Footage of the incident, which occurred in November and recently surfaced online, shows Mirren smiling and asking the man if he is “okay” as he approaches the couple while recording them.
The unidentified man then states: “And there is Helen Mirren, the avowed Zionist. You said Israel should last forever because of the Holocaust.
“And she was very happy the Palestinians’ houses were gone. You are an evil Zionist b****. And you [Hackford] as well, f*** you and all.”
Mirren can be seen turning away, while Hackford, whose best-known for films include The Devil’s Advocate and An Officer and a Gentleman, tells the man to “f*** off”.
The actor, who has travelled to Sicily to receive a lifetime achievement award at the Taormina Film Festival, broke her silence about the encounter, telling journalists she was “attacked by mistake by a man who was maybe a little over-passionate or maybe mentally not quite stable.”

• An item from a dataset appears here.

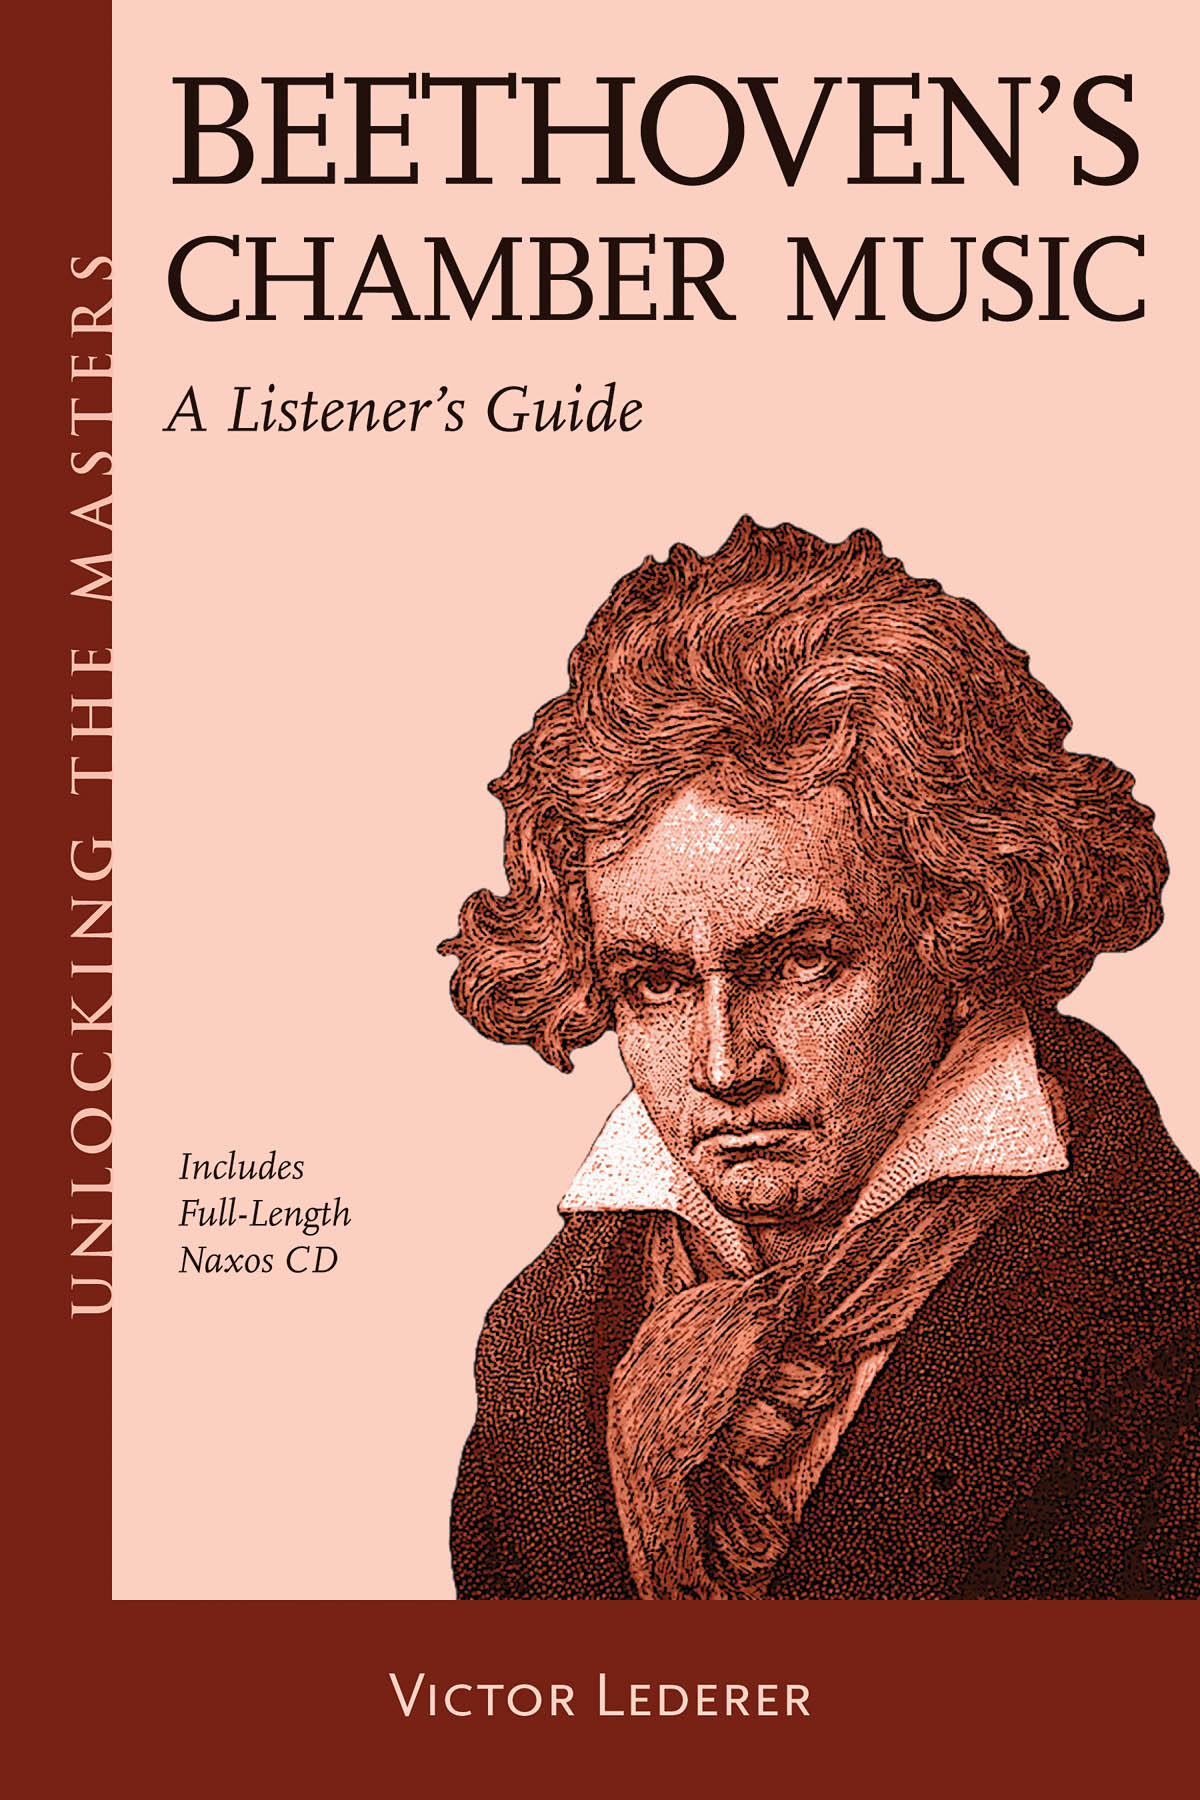 Beethoven's Chamber Music: Reference Books

In comments first reported by industry publication Variety she said: “Evil forces are rising everywhere, even in a country like Israel.”
And in a remark seemingly likening the humanitarian crisis in Gaza to the Holocaust, she added: “How could you possibly repeat the actions of what was done to you as people to other people?”

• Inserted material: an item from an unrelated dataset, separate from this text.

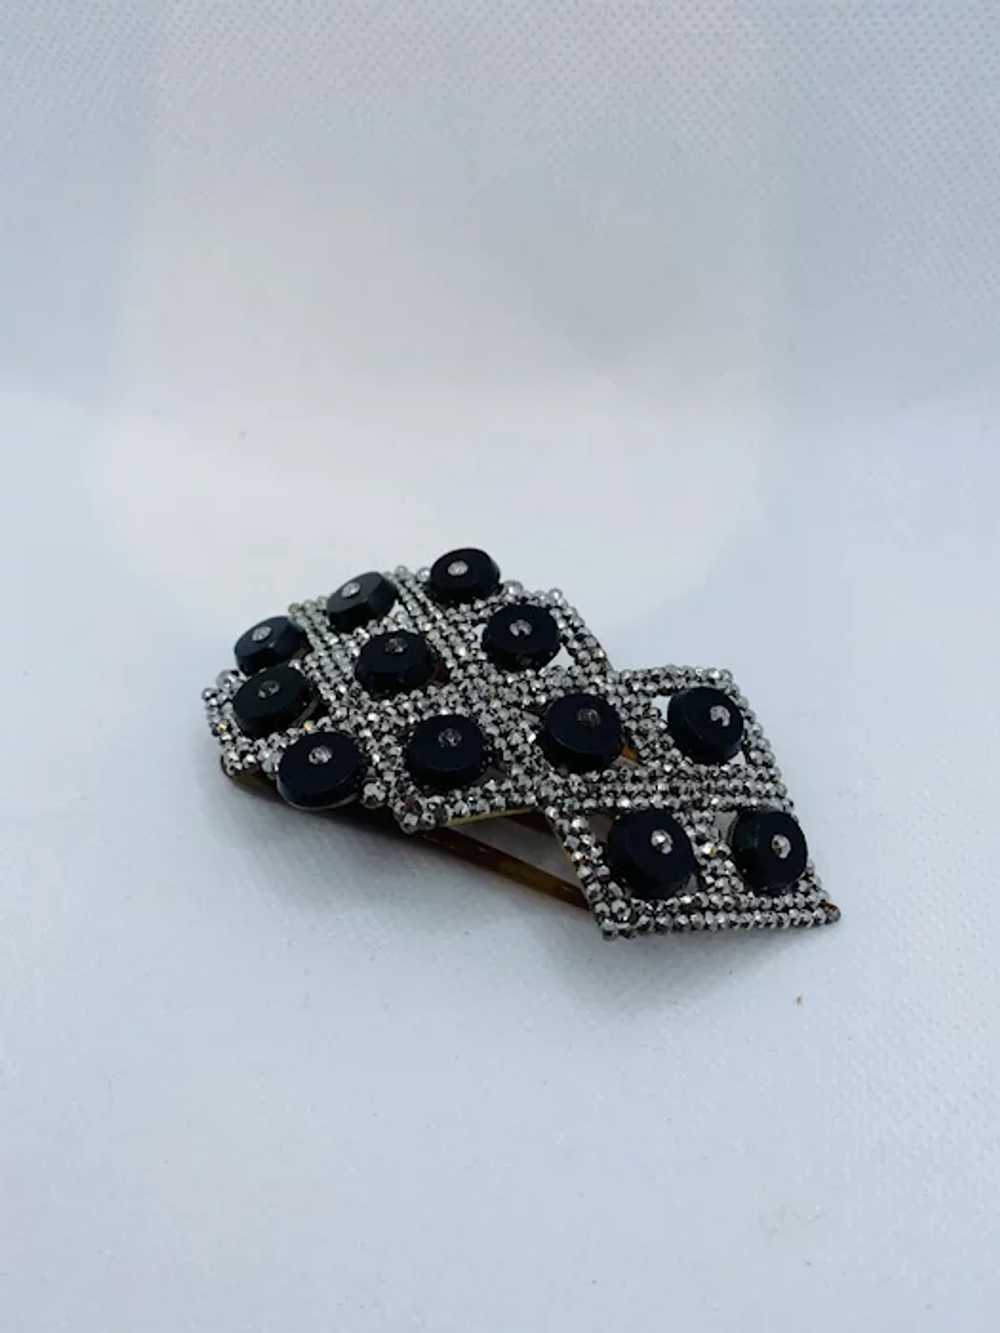 Antique Victorian Steel Cut Jewelry Onyx Hair Pin - image 2

“I have such great friends from Israel,” Mirren continued.
“The artistic community in Israel, the intellectual community in Israel, are so remarkable. I was born at the end of the Second World War, I grew up in Europe post Second World War and the realisation in my parents’ generation of what had happened in the Holocaust was so profound, so important. Therefore, the creation of Israel was a very important moment, although maybe it was done in completely the wrong way, in the wrong place, I don’t know. But something had to happen after the horror.”

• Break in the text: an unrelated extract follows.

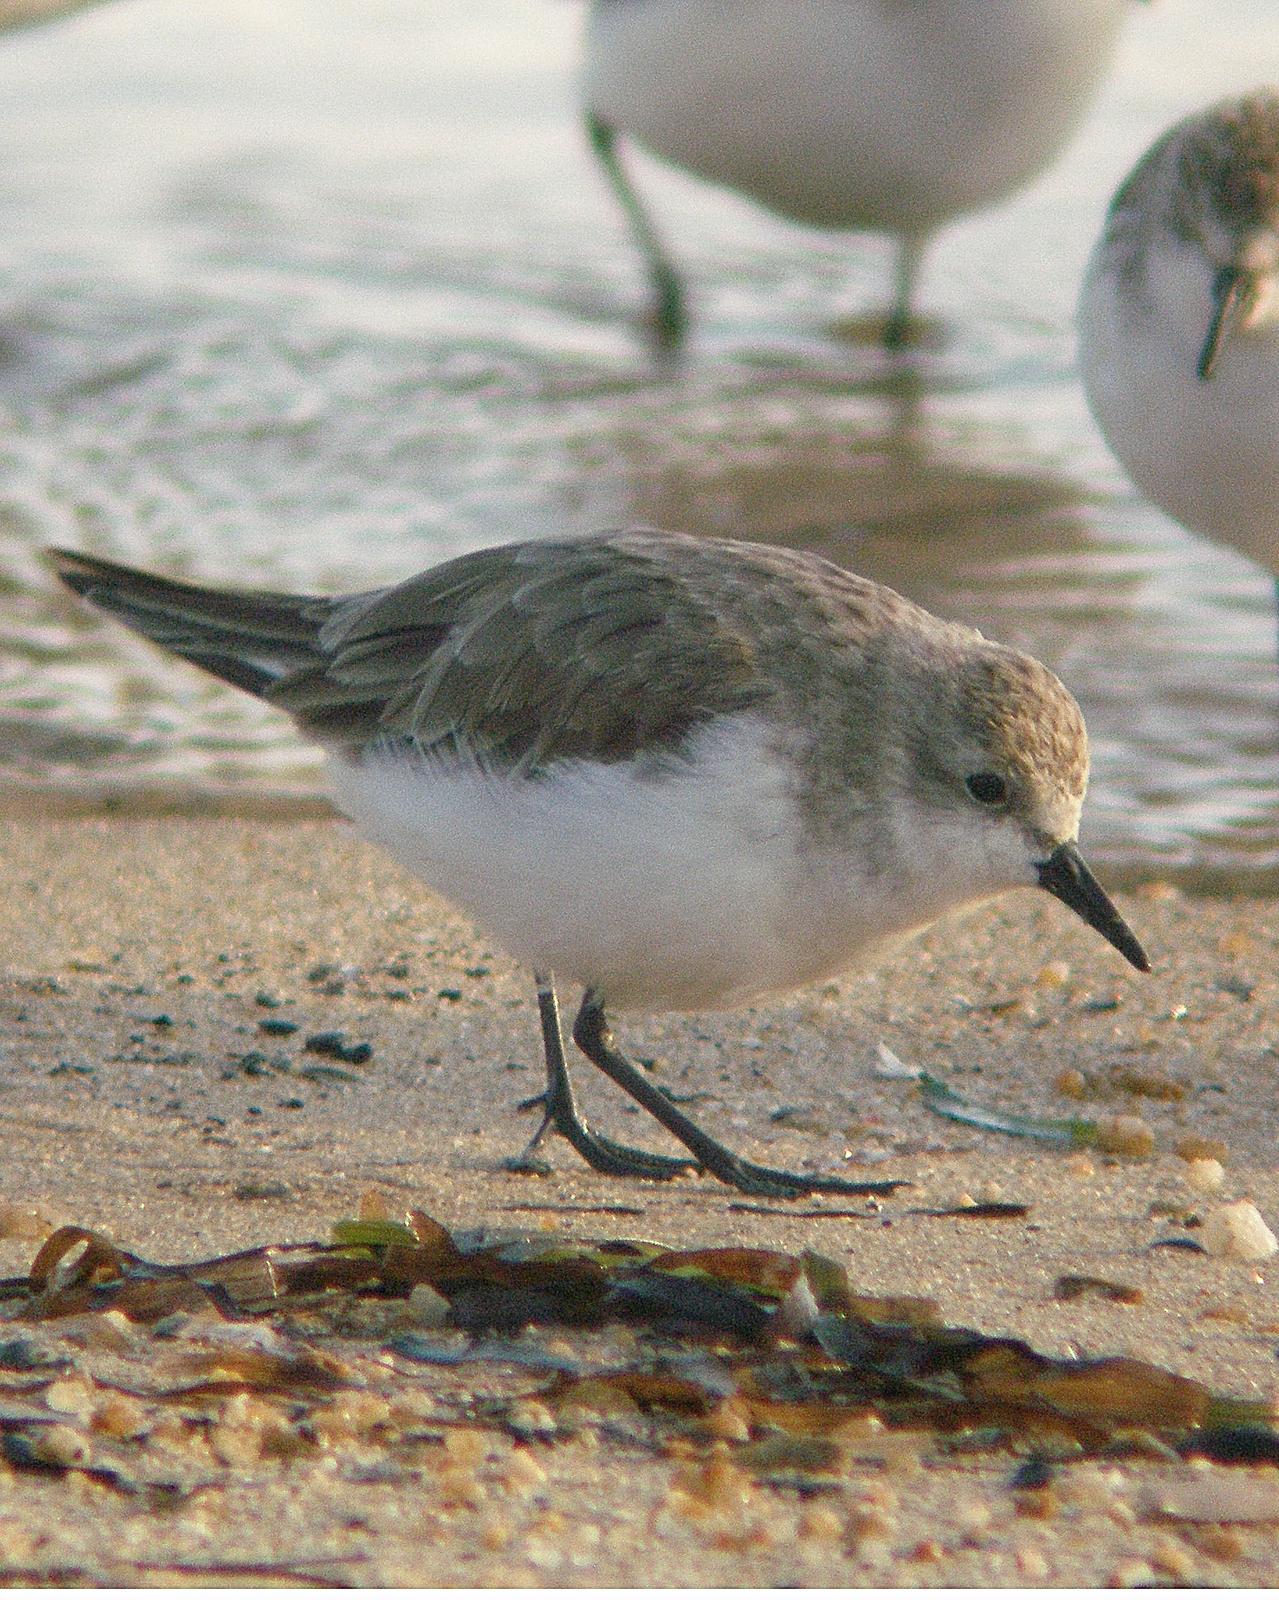 Red-necked Stint Photo by Steve Percival

Mirren added that she has “many Jewish friends” and revealed that her first two boyfriends were Jewish. It was with one of those men that she travelled to Israel as a young woman, where she worked on a kibbutz shortly after the Six-Day War of 1967, she said.
Reflecting on her time there, Mirren mentioned that she “saw some things that disturbed me from the inside in Israel”, but she did not provide details.
Referencing her performance as Russian empress Catherine the Great in the 2019 miniseries of the same name, Mirren said: “Why was Catherine called ‘the Great’? Because she took land. Why was Alexander ‘the Great’? Because he took land. He invaded, he killed people, he destroyed cities and he took land. Why is he remembered in history? Because with incredible brutality and unbelievable cruelty, he took land.”
She went on: “So it devastates me. That’s what I mean. The evil is always lurking, waiting to take over, even in a place like Israel.
"I played Golda Meir and worked in a country that was the idealistic Israel, and I always thought it was a country that would never do wrong, but of course they were doing wrong, even then.”